Wall Street is roaring toward records Thursday as a delayed reaction of jubilation sweeps markets worldwide following the Federal Reserve's big cut to interest rates.


What You Need To Know

  • Wall Street is roaring toward records Thursday after the Federal Reserve slashed interest rates one day prior

  • The S&P 500 and Dow Jones hit new record highs on Thursday

  • Stocks of smaller companies helped lead the market, as did other businesses that can feel the most relief from lower interest rates

  • Wall Street's initial reaction to Wednesday's cut was a yawn, after markets had already run up for months on expectations for coming reductions to rates, and stocks ended up edging lower after swinging up and down a few times

The S&P 500 was 1.6% higher in early trading and above its all-time closing high set in July. The Dow Jones Industrial Average briefly topped 42,000 for the first time on Thursday, breaking its record set on Monday. The Nasdaq composite was 2.3% higher, as of 9:38 a.m. Eastern time.

Stocks of smaller companies helped lead the market, as did other businesses that can feel the most relief from lower interest rates.

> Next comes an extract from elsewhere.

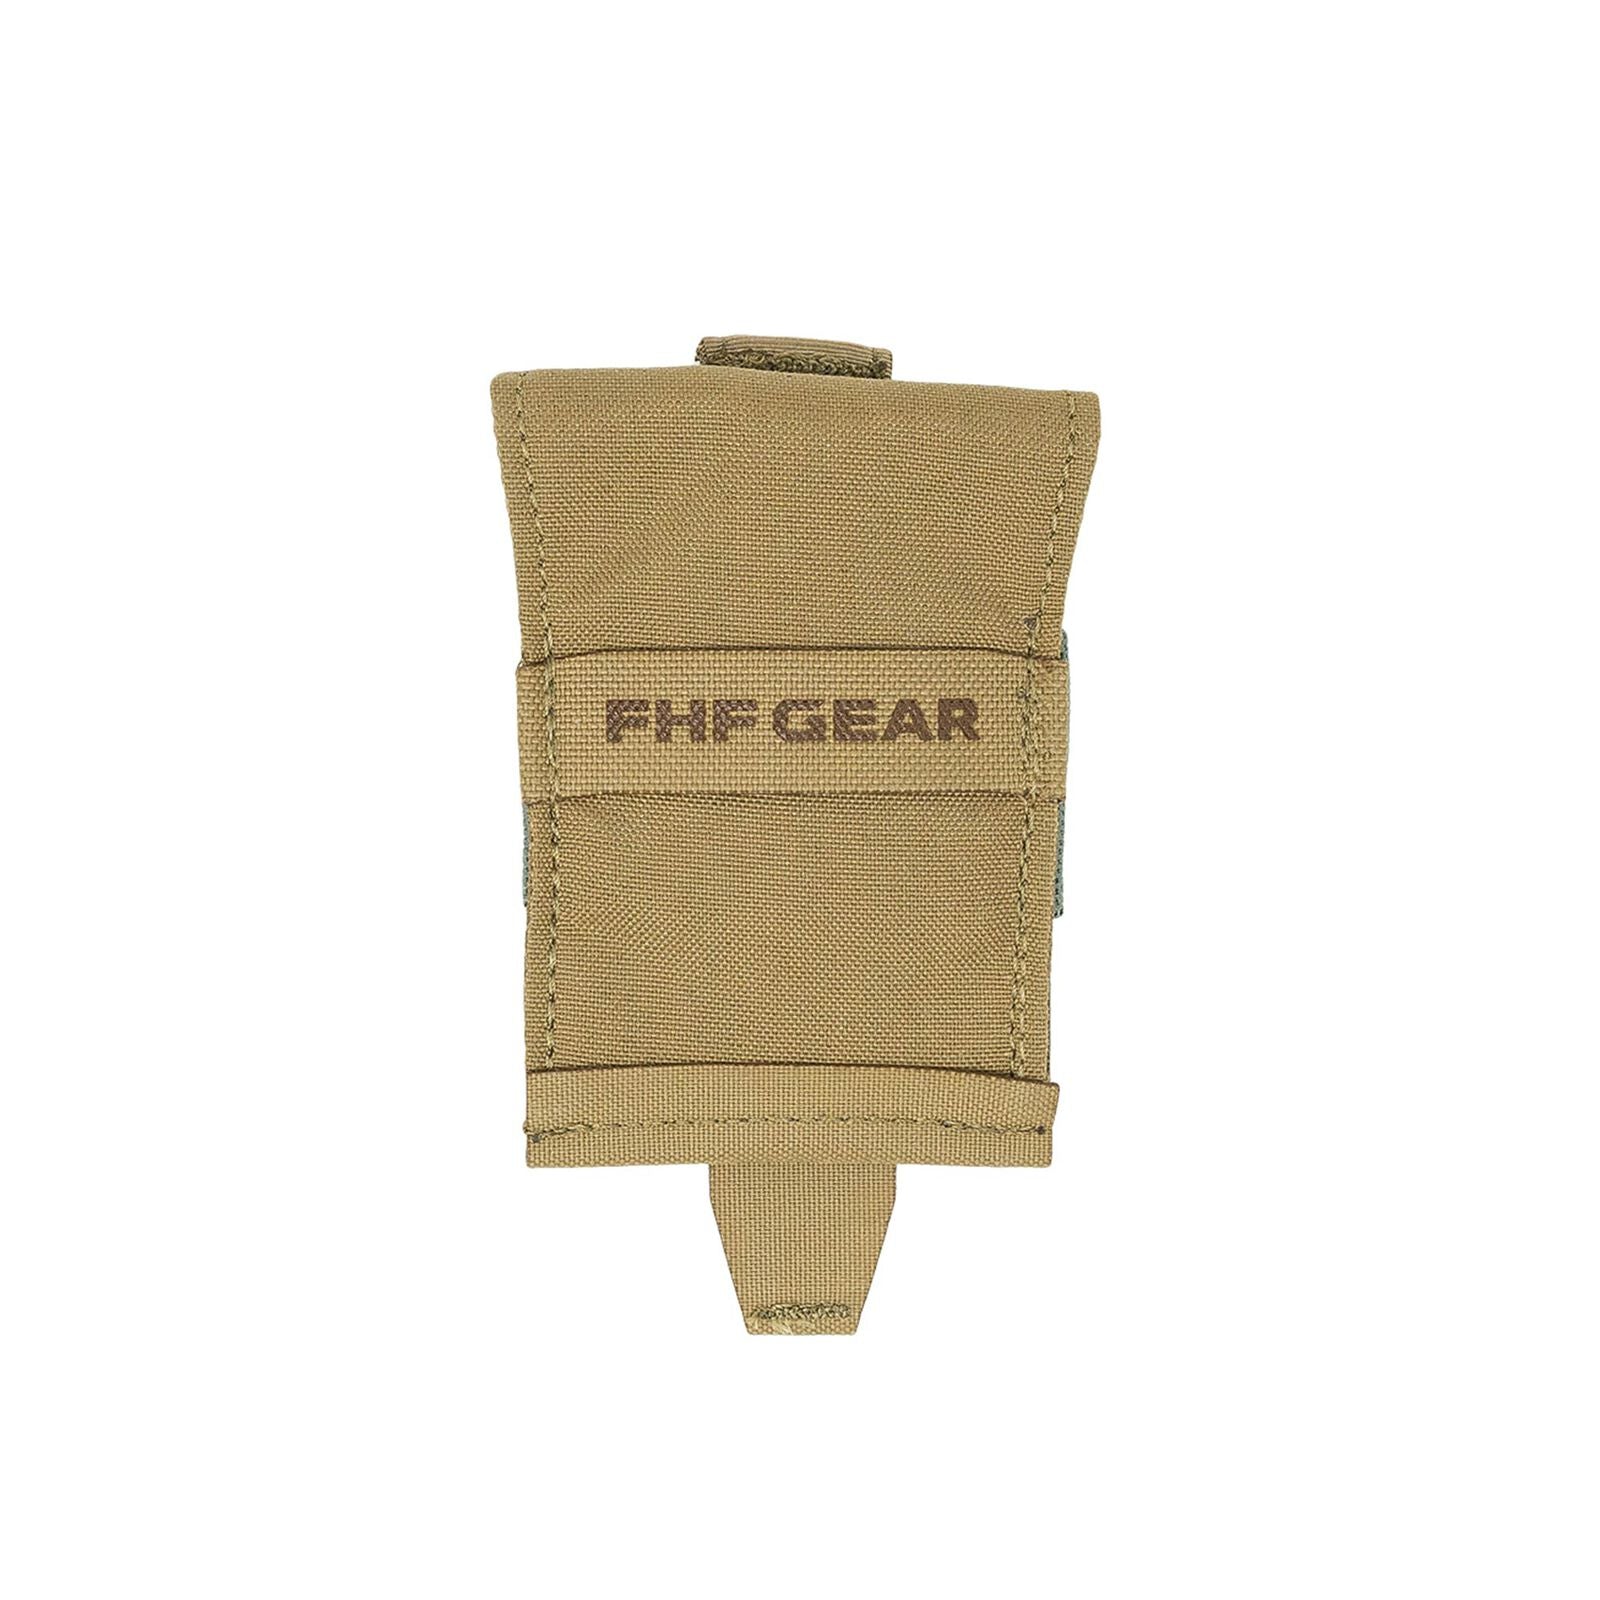 FHF Gear ammo sleeve coyote brown

The Russell 2000 index of smaller stocks soared 2%. The moves followed rallies for markets across Europe and Asia after the Federal Reserve delivered the first cut to interest rates in more than four years on Wednesday.

It was a momentous move by the Fed, closing the door on a run where it kept its main interest rate at a two-decade high in hopes of slowing the U.S. economy enough to stamp out high inflation. Now that inflation has come down from its peak two summers ago, Chair Jerome Powell said the Fed can focus more on keeping the job market solid and the economy out of a recession.

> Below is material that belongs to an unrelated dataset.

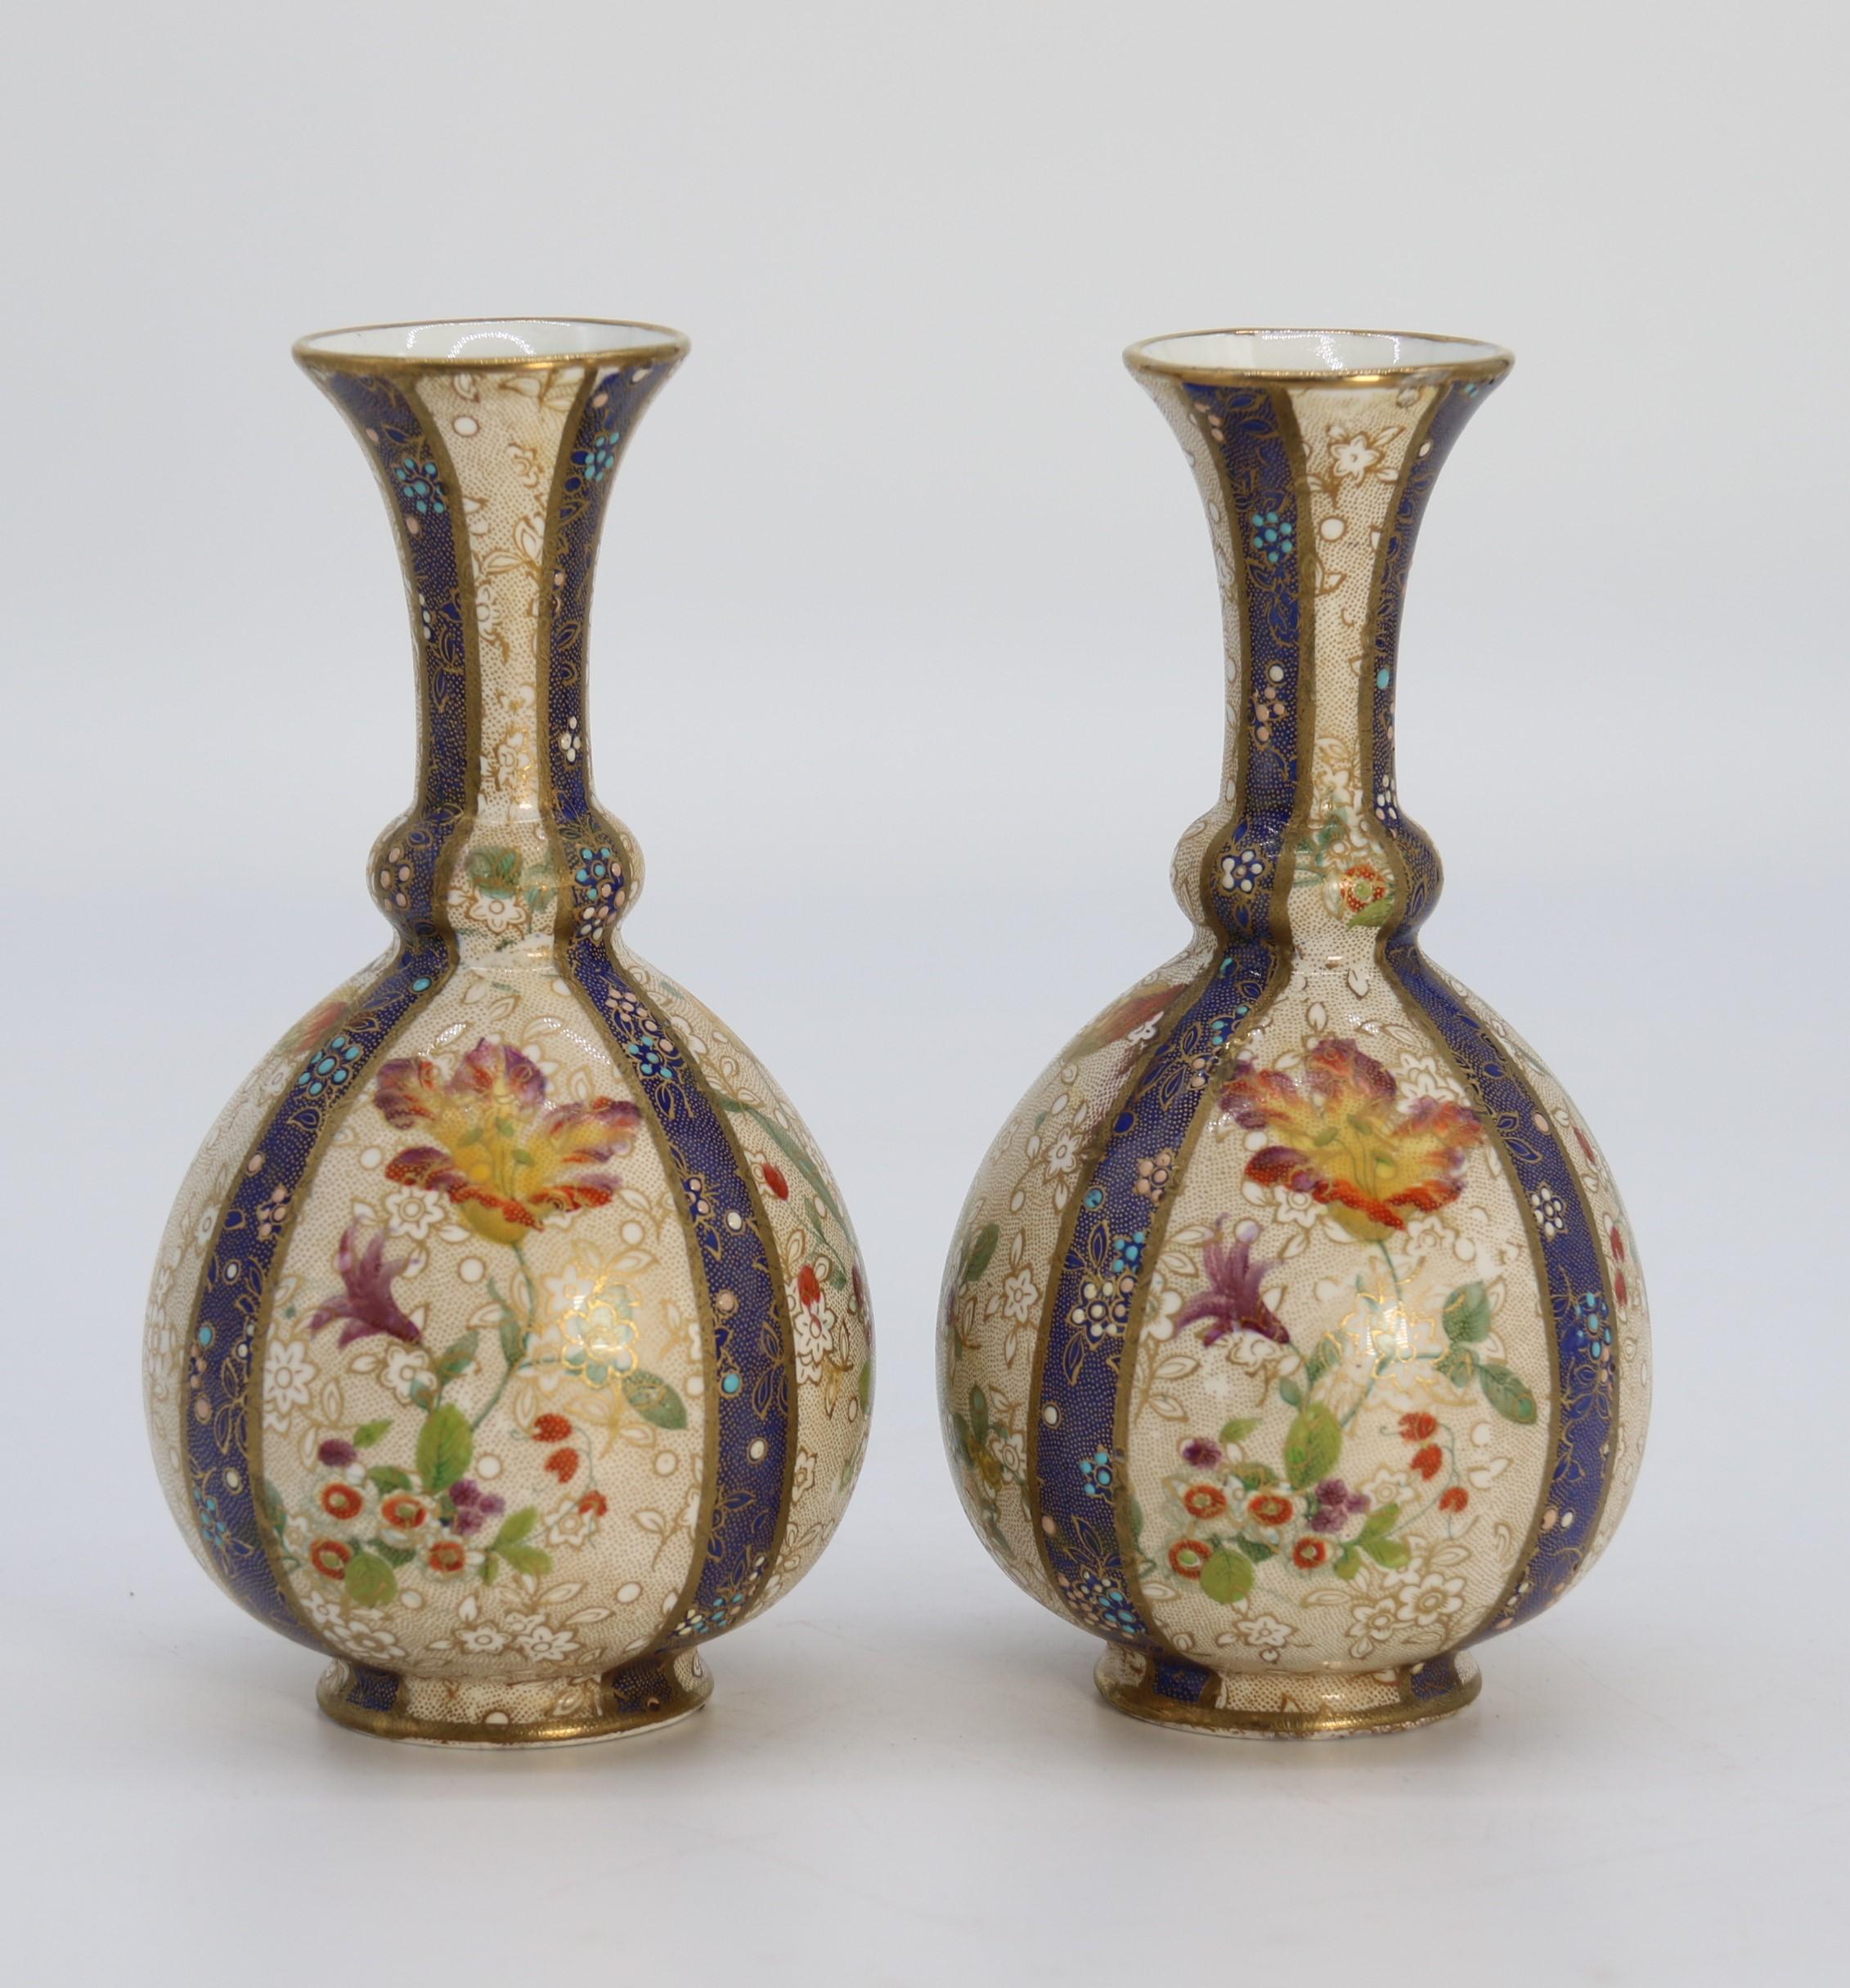 Enameled A pair of English early Carlton Ware enamelled and gilt floral vases, circa 1900

Wall Street's initial reaction to Wednesday's cut was a yawn, after markets had already run up for months on expectations for coming reductions to rates, and stocks ended up edging lower after swinging up and down a few times.

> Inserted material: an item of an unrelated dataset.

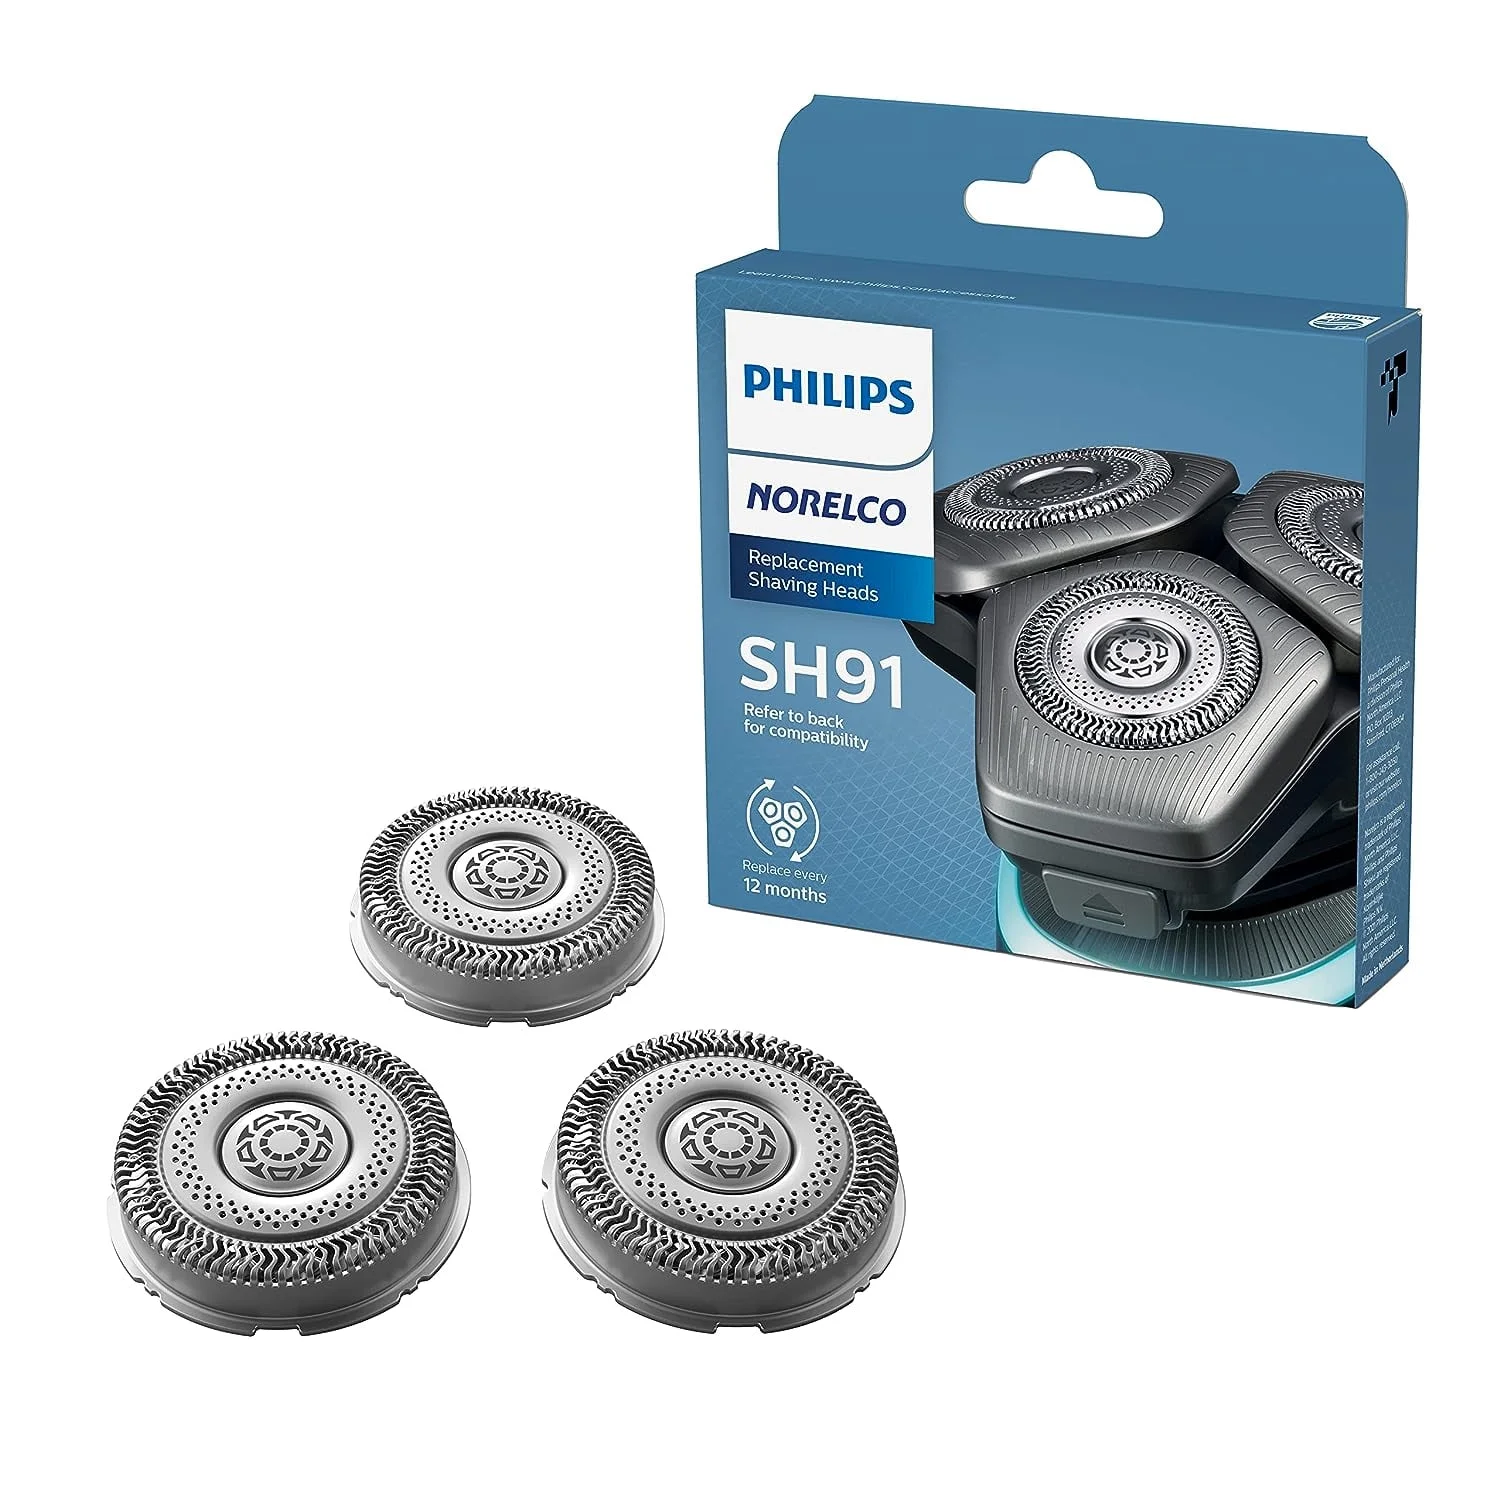 A package of three philips norelco shaving heads.

"Yet we come in today and have a reversal of the reversal," said Jonathan Krinsky, chief market technician at BTIG. He said he did not anticipate such a big jump for stocks on Thursday.

Some analysts said it could have been relief that the Fed's Powell was able to thread the needle in his press conference and suggest the deeper-than-usual cut was just a "recalibration" of policy and not an urgent move that it had to take to prevent a recession.

The job market has already begun to slow under the weight of higher interest rates, and some critics have said the Fed waited too long to cut rates and may have done damage to the economy.

Powell, though, said Fed officials are not in "a rush to get this done" and would make decisions on policy at each successive meeting depending on what the incoming data says.

Some investment banks raised their forecasts for how much the Federal Reserve will ultimately cut interest rates, anticipating even deeper reduction than Fed officials. Federal Reserve officials on Wednesday released forecasts showing they expect to cut interest rates by potentially another 1.5 percentage points over 2024 and 2025. At Bank of America, economists are expecting 2 percentage points.

Lower interest rates help financial markets in two big ways. They ease the brakes off the economy by making it easier for U.S. households and businesses to borrow money, which can accelerate spending and investment. They also give a boost to prices of all kinds of investments, from gold to bonds to cryptocurrencies. Bitcoin rose 3% Thursday.

An old adage suggests investors should not "fight the Fed" and should ride the rising tide when it's cutting interest rates, and Wall Street was certainly doing that Wednesday. But this economic cycle has continued to break norms and conventional wisdoms after the COVID-19 pandemic created an instant global recession and then the worst inflation in generations.

One of the worries still remaining on Wall Street is that inflation could remain tougher to fully subdue than in the past. And while lower rates can help goose the economy, they can also give inflation more fuel.

Economic reports released Thursday suggested an economy that remains solid, at the least. One said fewer workers applied for unemployment benefits last week. It's another signal that layoffs across the country remain low and companies are holding onto workers, even if they're not hiring as many new ones as earlier.

A separate report said manufacturing in the mid-Atlantic region returned to growth. Manufacturing has been one of the areas of the economy hurt most by high interest rates, but the Philadelphia Fed index was a touch weaker than expected.

In the bond market, the yield on the 10-year Treasury rose to 3.75% from 3.71% late Wednesday.

In stock markets aboard, indexes jumped 2% in France, 2.1% in Japan and 2% in Hong Kong.